What is most striking about this movement is not only its understated beauty as my images should make obvious, but the simplicity of operating the thing. Moser has solved long-standing problems with perpetual calendars, removing the possibility of breaking the thing while setting it, or, as Meylan put it to me: childproofing the movement. This is such an overlooked horological achievement among my writerly colleagues that I find myself under the illusion of my own brilliance just mentioning it. Perhaps it is the curse of simplifying something that it results in critics overlooking the achievement, but it shouldn’t be the case. Alas, G-Shocks still dazzle the kids. Whatever.
Culture
As my lunch of William Messina should make clear, the cultural capital of the Moser Perpetual Calendar’s Caliber HMC 800 is really only tradable in a small economy of watch aficionados. It is exactly the specialized nature of this watch—its minimalist aesthetic coupled to its unparalleled mechanical complexity—that makes it culturally unique. Those who know know, and those who don’t don’t know anything.

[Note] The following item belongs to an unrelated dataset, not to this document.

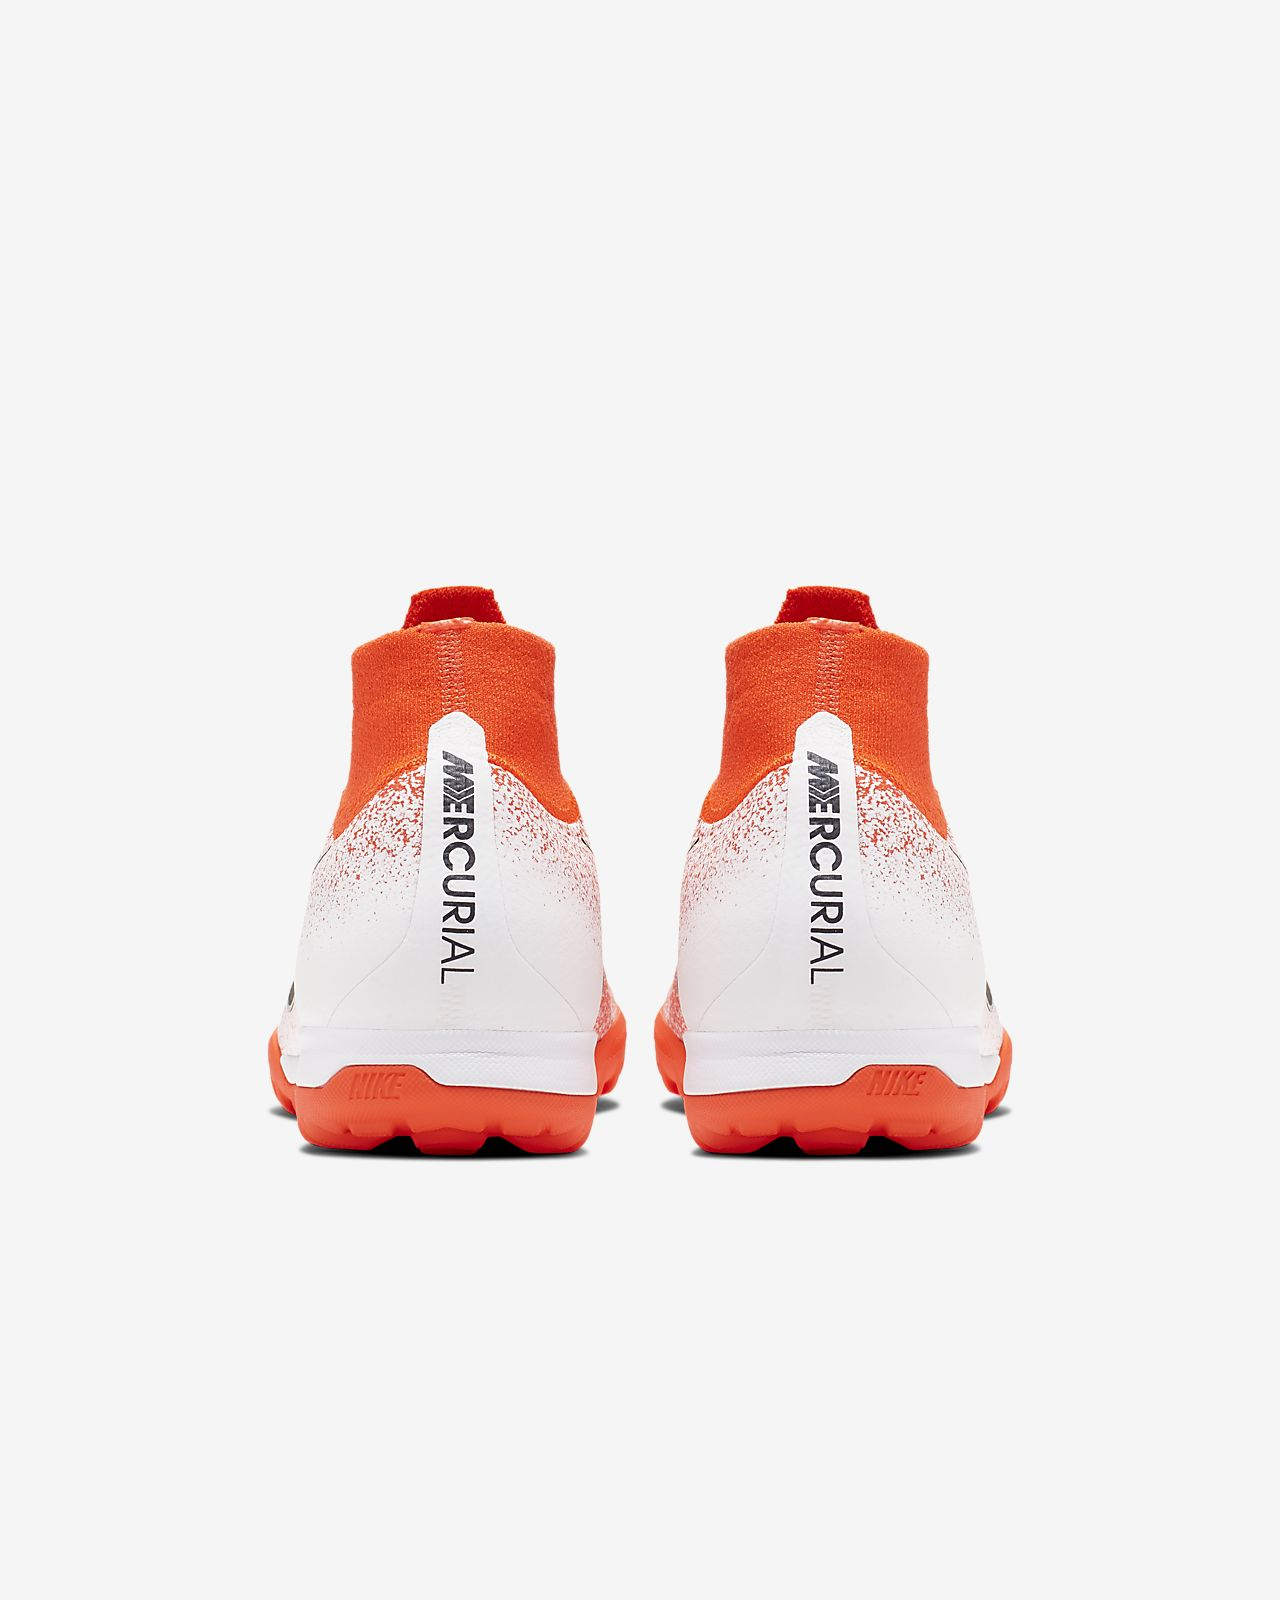 56a6a85147cb Nike SuperflyX 6 Elite TF Artificial-Turf Football Boot. Nike.com CA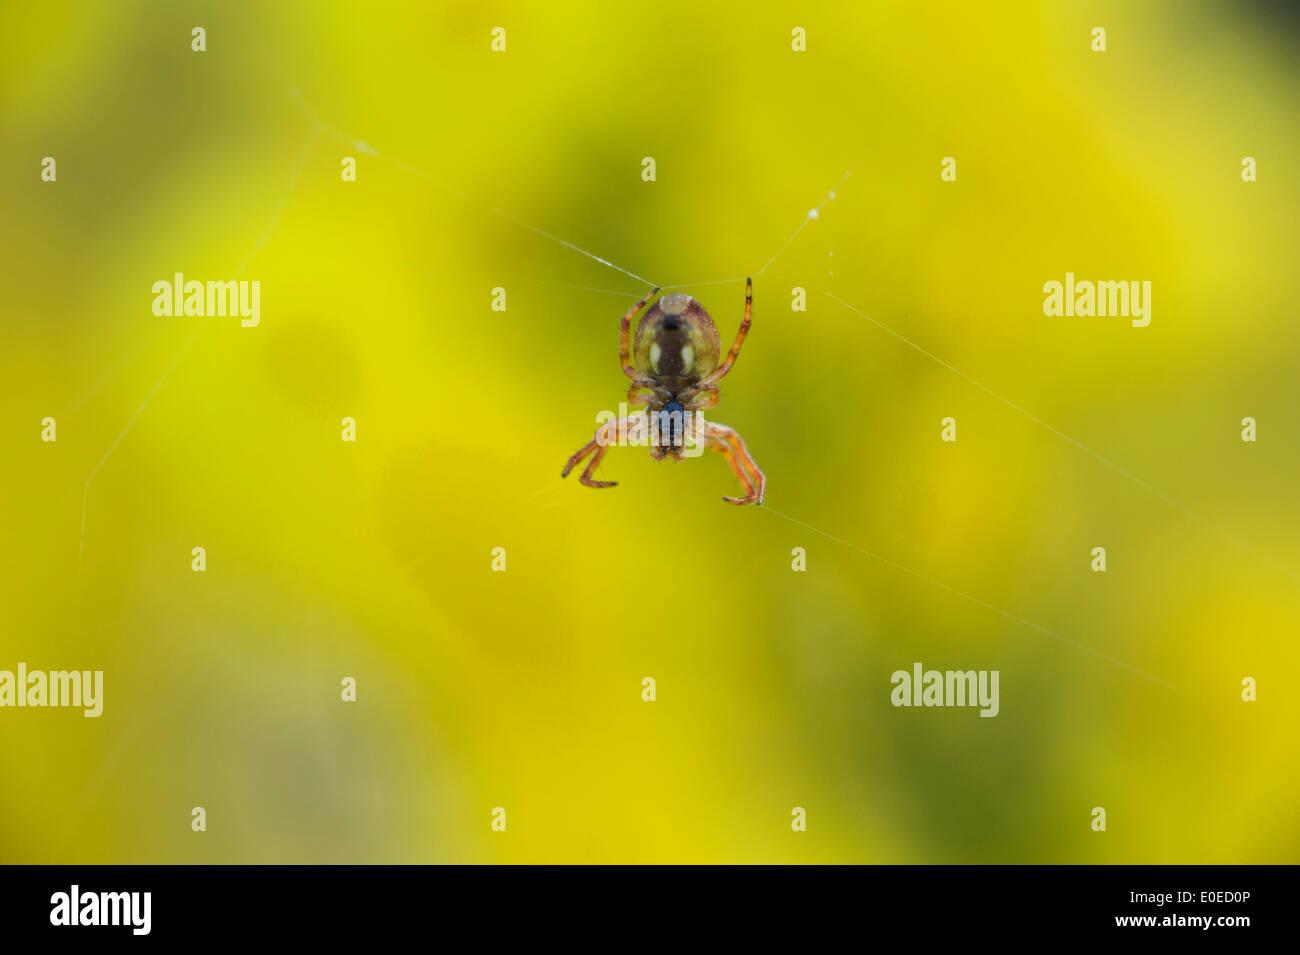 Cruceta en contra web fuera de foco amarillo de flores de acacia Imagen De Stock

That’s a kind of stealth elitism perhaps, but I’m good with stealth elitism, as most self-congratulatory high-minded East Coast Aesthetes are. The point, really, is that there is a way to preserve and enjoy the high-intellectualism that a good Swiss watch embodies mechanically without succumbing to the Victorian nonsense of, say, Patek Philippe, my beloved Vacheron Constnatin, Cartier’s new breed of complex watches, mimicked now by Gucci, Louis Vuitton and Hermes and even F.P. Journe. That’s how the world has gone—alas, toward glitz—and I don’t expect every brand to form an ironic horological revolution along the lines of what Moser has done, but I’m very glad Moser has done so—if only because their watches are able to unfoul my mood. (I willingly don’t explore Moser’s recent foray into the rainbow bejeweled watch category; my mood couldn’t take it.)
Philosophy
It’s hard for me to come up with other brands that are as philosophically-minded as Moser. Maybe Gruebel Forsey, a brand driven by architectural ideals, but with a result more like that of supercars than Ironic Horology. Maybe F.P. Journe, which has asserted a high-mindedness that looks like philosophy sometimes, but which I personally fail to be able to take past physics into metaphysics. Perhaps we can include Redhep Rexhepi, Kari Voutilainen, and MB&F. This isn’t bad company for Moser to keep, of course, and the comparisons, I hope, speak to the esteem I have for Moser. But even among this small cadre of philosophically-minded watch brands I put Moser far above the others. It’s the one eye watching the other eye—the irony—that does it.
In short, the Moser Perpetual Calendar, here presented with gorgeous materials and a gorgeous dial, but understated nonetheless, is a thinking-person’s watch. It’s a watch that, if we let it, can challenge us aesthetically, mechanically, culturally and, yes, philosophically. On a gray March morning with blizzards of snow on the way as the entire watch industry suffers an Oscars hangover, I am most soothed by Moser’s horological tonic.